Maybe I left Oregon just in time? Seems like every time I turn around another one of my friends back home is either getting married or having a baby. Sometimes you stop and think where you would be in life if you made different decisions, especially when the decisions that you did make often are split second and by the gut feeling you have.
I just don't know what would have happened if I'd stayed in Oregon. It's not that it's a bad thing to be 23 and married with a baby on the way. It just scares me how I might have missed out on the adventures if I'd made that choice. I know I didn't come from a small town but when the majority of your friends decides that they want to settle down and never leave the place they grew up it makes you wonder.
It's that restlessness coming back in.
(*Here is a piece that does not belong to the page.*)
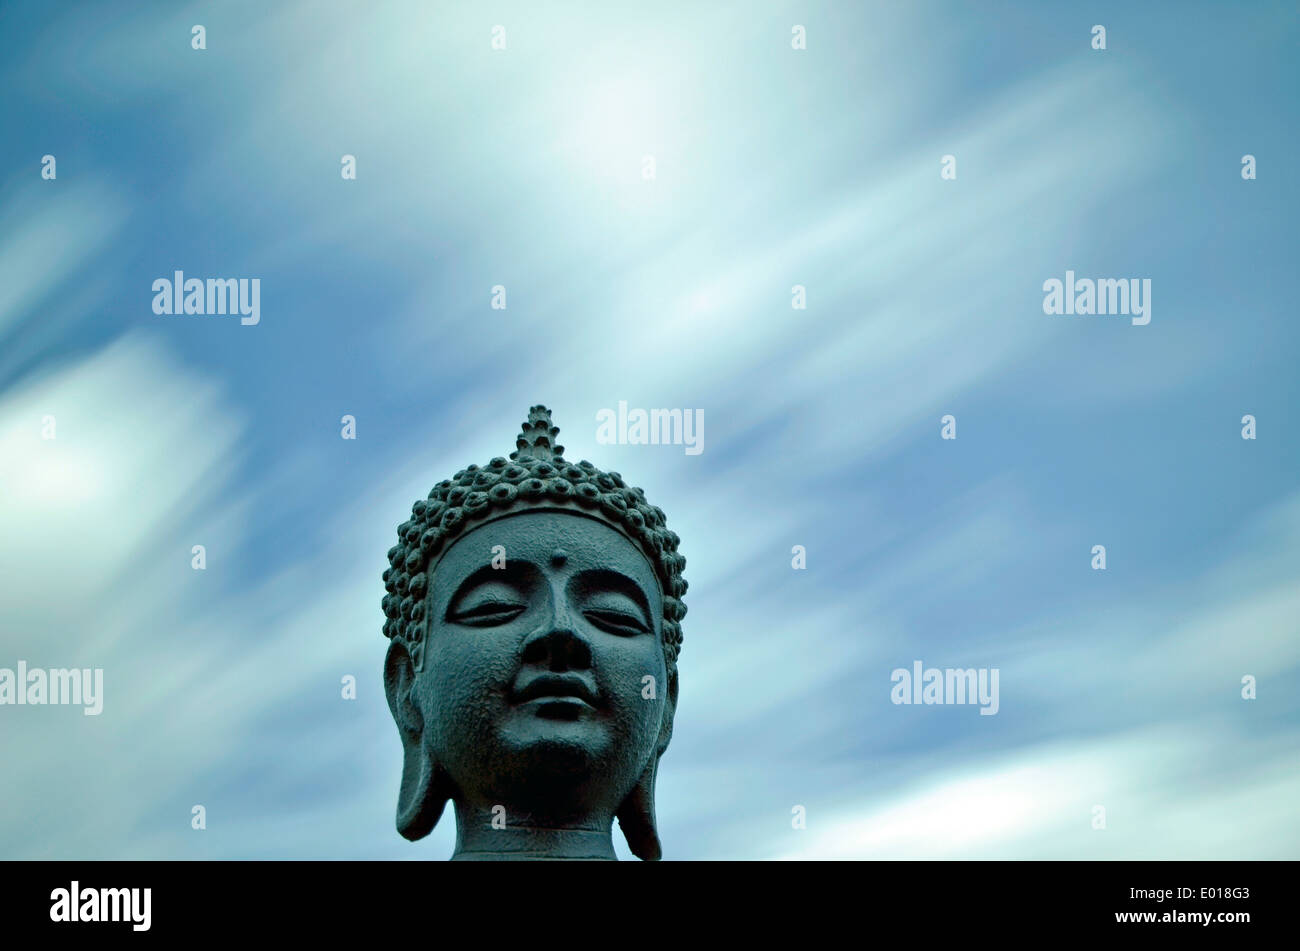 Buddha, photographed through an ND filter to give movement to the sky. Stock Photo

Someone told me the other day they thought I was a braver person than them for moving away from everything I've grown up with and known to a place where I knew no one and was faced with the challenge of learning a completely new organization and job.....I don't know if it's bravery or insanity. I just know that I wanted some adventure and I took it when I had the chance.
2 comments:
I know how you feel, many people settle down far to early. Life is all about having fun! :-)
But perhaps there's an adventure in "settling down"... Perhaps there's an adventure in making ends meet when you don't have the options of leaving a place. Perhaps there is adventure in small daily acts of defiance, or in redefining your perspective on the world. Perhaps, just perhaps, adventure is what you make of it, and there may be more bravery in staying than in leaving, for some people. Not that I don't think you were brave to go out, but I wouldn't say your hometown friends aren't brave or adventurous for fighting for what they want in the world.